Security


India: Fresh protests continue in Kashmir




Srinagar, 13 August (AKI) - Protests continued in Indian-controlled Kashmir on Wednesday as people mourned the death of 14 Muslims who were shot by police on Tuesday.

Gunfire could be heard in the main city of Srinagar, as a large number of Indian police and army struggled to enforce a curfew.

A three-day mourning period has been called for the deaths of at least 21 people at the hands of Indian police and army this week.

On Tuesday, riots broke out after police clashed with 20,000 Muslim protesters who defied a curfew in the towns of Bandipora and Srinagar as they attempted to halt several Muslim demonstrations in restive Kashmir.

The town of Kishtwar near Kashmir, also witnessed unrest after a grenade explosion and police firing on a curfew-defying mob during which several private houses, shops and other property were burnt and plundered, forcing the authorities to call in the Army to enforce curfew.

Reports said activists of some right-wing groups allegedly torched shops and houses of the Muslim community, which retaliated by targeting a shop line owned by Hindu traders in similar fashion, reported Indian daily The Asian Age.

Several cars and petrol pumps, besides Muslim and Hindu property was also attacked by rival mobs, according to reports confirmed by local officials.

A probe into the incidents has been ordered by the district magistrate, according to the reports.

A 12-year-old domestic help was reportedly shot dead by unidentified assailants at point blank range.

The protest follow the killing on Monday of five Kashmiri protesters by Indian security forces. Prominent Kashmiri separatist leader Sheikh Abdul Aziz was among the victims.

The riots were sparked by a row over land that began in June when the state government said it would grant 40 hectares of land to a Hindu shrine board in the Kashmir valley.

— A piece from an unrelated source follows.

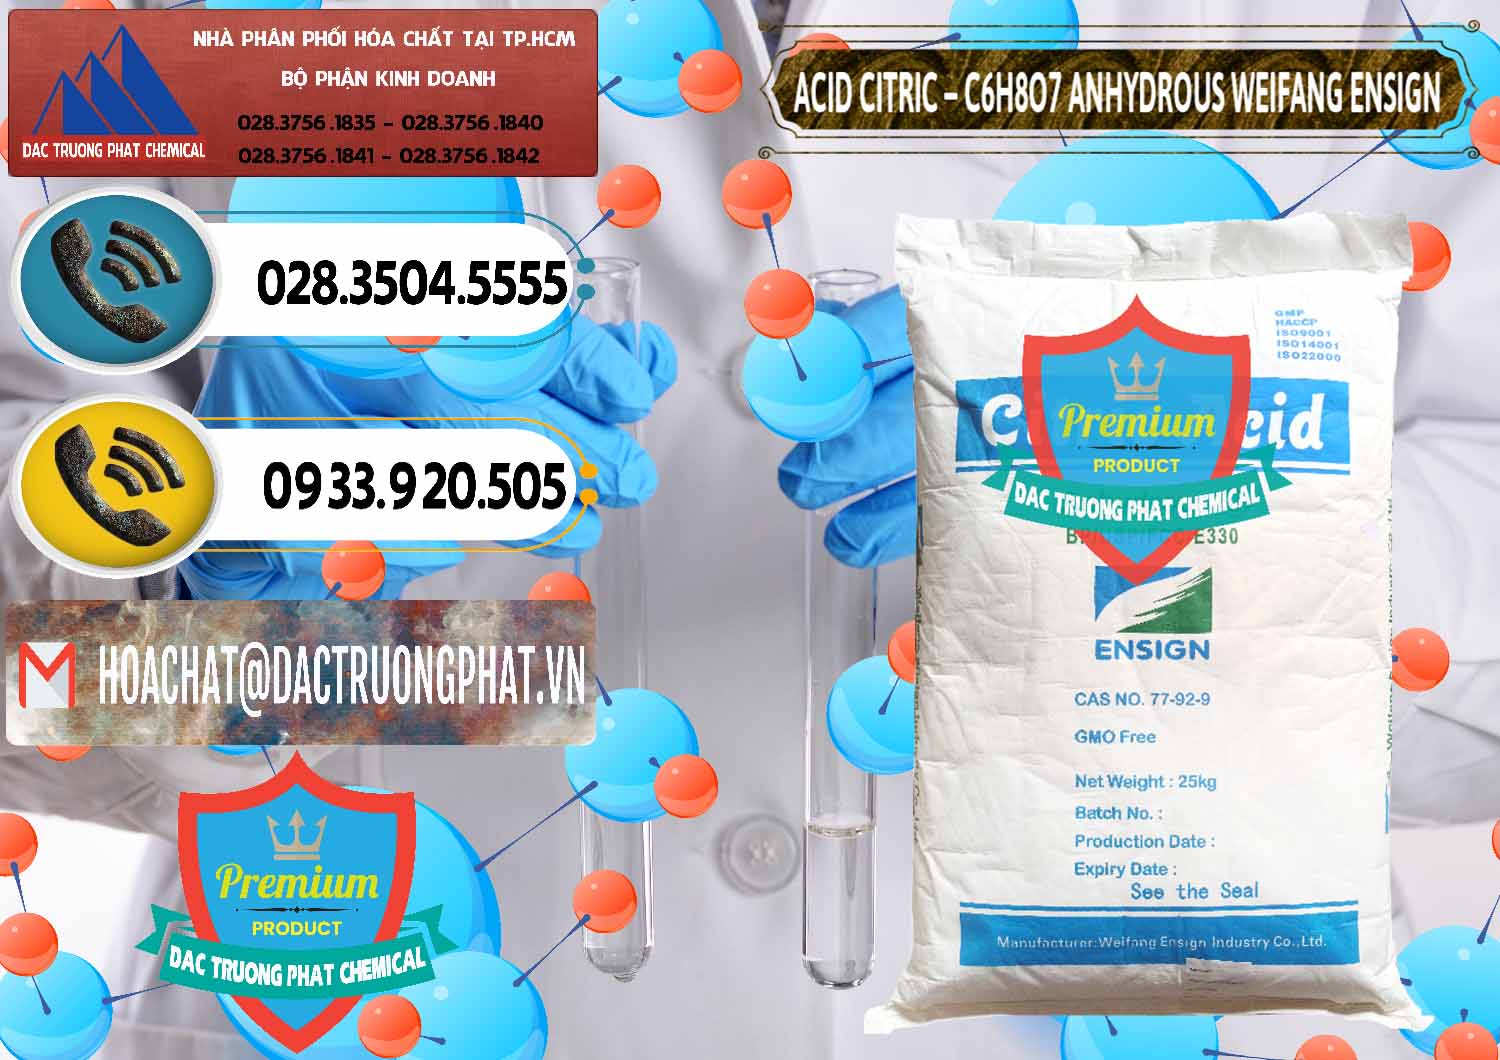 Công ty chuyên phân phối _ bán Acid Citric - Axit Citric Khan Anhydrous Weifang Trung Quốc China - 0008 - Công ty phân phối - bán hóa chất tại TP.HCM - hoachatdetnhuom.vn

Reportedly, the land handed over was being used for temporary accommodation for hundreds of thousands of Hindu pilgrims who visit the shrine every year located in a mountain cave.

The government later scrapped the measure after protests by the Muslim majority.

Muslims say that the decision was taken in order to alter the demographic balance in Indian-administered Kashmir, which is the country's only Muslim-majority state.

India and Pakistan both claim sovereignty over the entire region and have fought two wars over Kashmir. About 70 percent of the population is Muslim and the rest Hindus, Sikhs and Buddhists.